The 1,500 DTL mappers who completed a map had to declare what values mattered most to them. A fairly clear consensus emerged: the top-3 values our mappers prioritized were compact districts, competitive elections, and honoring communities of interest. An even more universal consensus emerged around what values should not be considered - either party gaining an unfair advantage and protecting incumbents.
When I chaired the Pennsylvania Redistricting Reform Commission in 2019, one of my fellow commissioners, Penn State Political Scientist Lee Ann Banasek, designed a survey asking a representative sample of Pennsylvania voters to rank which values mattered most to them. The results were similar: they favored compactness, minimizing county and municipal splits, and creating competitive elections. And just like DTL mappers, the public soundly rejected partisan advantage and incumbent protection in how the maps were drawn.
What is clear from this data is that voters prefer balanced maps. District lines should meet the constitutional requirements as a baseline, but they should also attempt to create as many districts as possible where both parties can win, and a map where election results are responsive to the overall preference of voters in the Commonwealth.
Like you, our mappers have discovered that creating a balanced map requires a number of trade-offs. Your job is to negotiate those trade-offs in a way that maximizes each feature of the state map as much as possible.

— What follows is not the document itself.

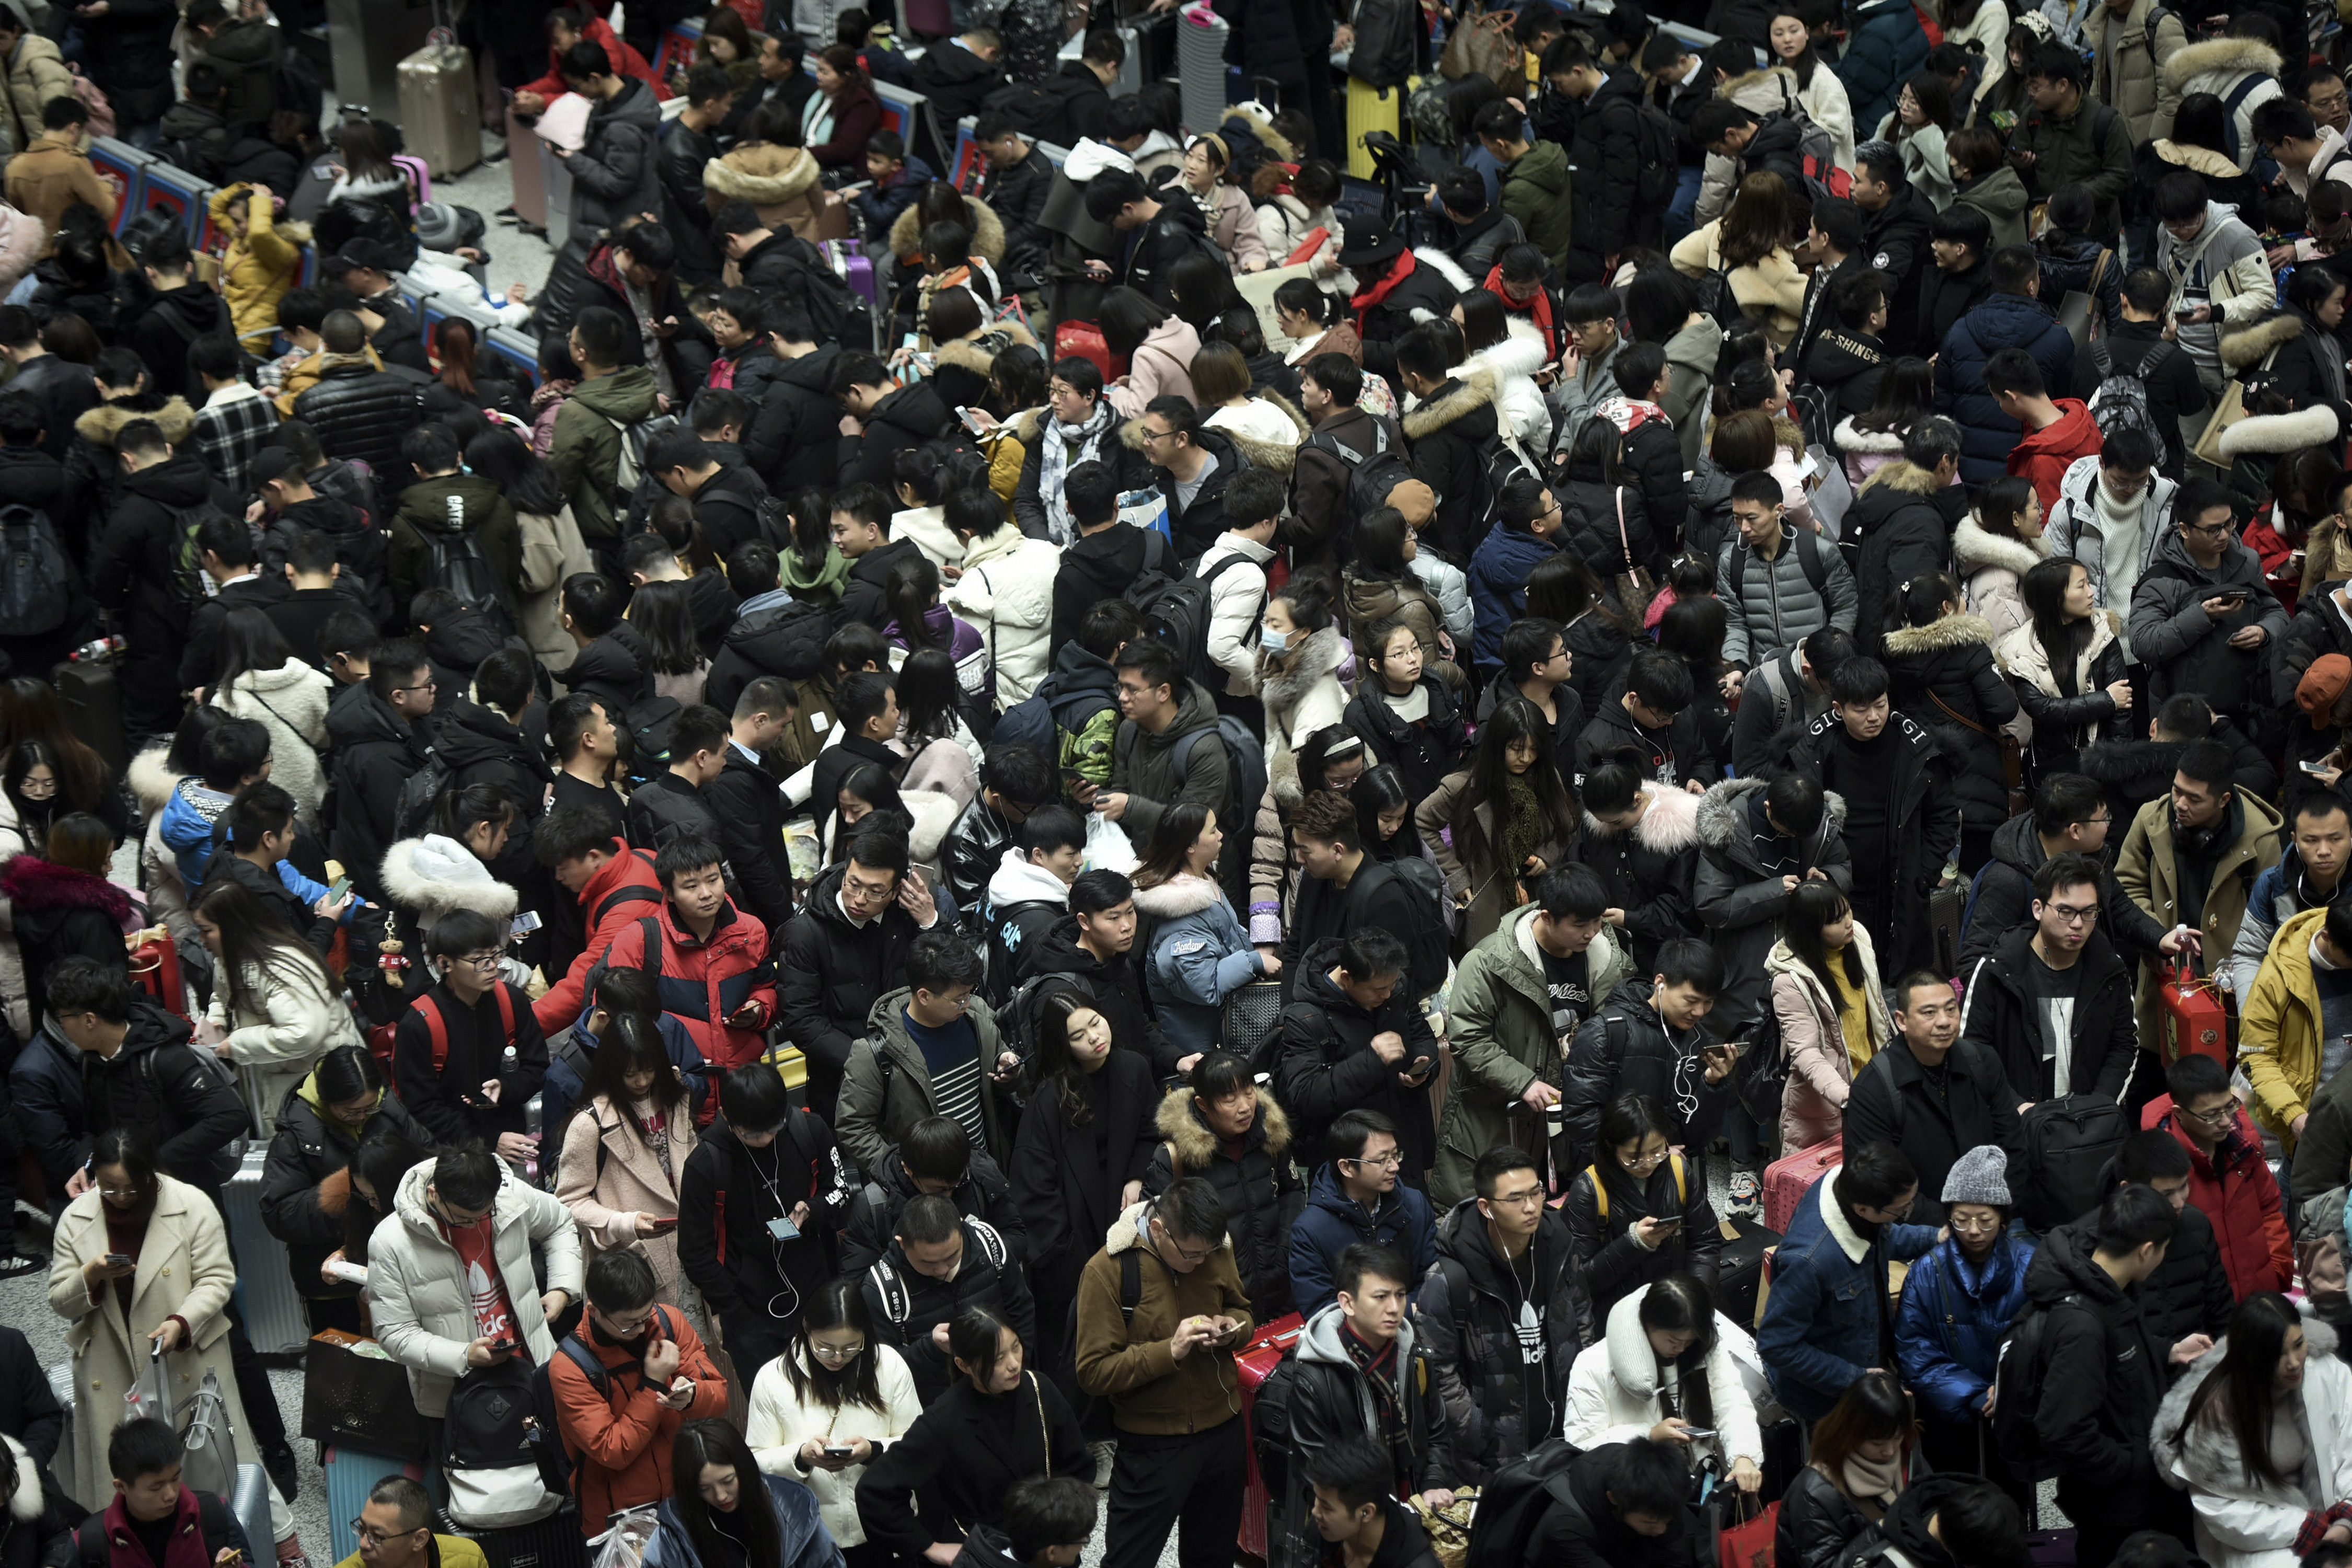 Chinese travelers crowd at a railway station as they wait for their trains in Hangzhou in east China's Zhejiang province, Sunday, Feb. 10, 2019. Millions of Chinese are start returning to work after spending a weeklong Lunar New Year holiday with families in their hometown. (Chinatopix via AP)

Are these maps better than the ones they replace?
The State House map is a clear improvement over the map that was drawn in 2012. With the exception of somewhat fewer likely competitive districts, the preliminary House map exceeds its predecessor across the board. This includes massive improvements in partisan fairness, something highly valued by mappers and Pennsylvanians regardless of party affiliation. It also improves upon constitutional requirements like compactness and limiting splits, and provides greater representation for communities of color.
It is our hope that any adjustments made to this final map do not diminish the overall metrics achieved by the preliminary map.
The preliminary Senate map is also an improvement over the 2012 map, particularly on the constitutional requirements.
Like the House map, the preliminary Senate map’s most significant shortcoming in comparison to the current map is in the number of competitive districts it creates. Although this is important to a number of Pennsylvanians, it’s noteworthy that creating either a House or Senate map with a greater number of competitive districts will also create more splits and make for less compact districts–two criteria on which the Constitution is clear.
Our citizen mappers have identified that incumbent protection appears to be one of the primary goals of the Senate map (only one pair of incumbents are bunked together, whereas there are eight pairs in the House).
Protecting incumbents has been universally rejected by Pennsylvanians. And while Draw the Lines is not endorsing any particular Senate map as an alternative, in our exception for the Senate map we will link to another map drawn by a member of our Citizen Map Corps from Pike County. HIs map improves upon the preliminary Senate map in every metric, at the expense of two-three sets of incumbents being districted together. It’s a demonstration that you can do better in the final Senate map.
Lastly, we must stress that the maps this Commission is drawing belong to the people of Pennsylvania, not the elected officials who will run on them. We applaud the process conducted by this body so far that has included a degree of public participation more effective and meaningful than any redistricting process run before in the Commonwealth. And we urge you to consider carefully the redistricting values that Pennsylvanians have expressed so clearly for years and as this process enters its final stages. If we can do this, the public trust that has been so badly damaged by the egregious gerrymanders of past cycles has a chance to be repaired.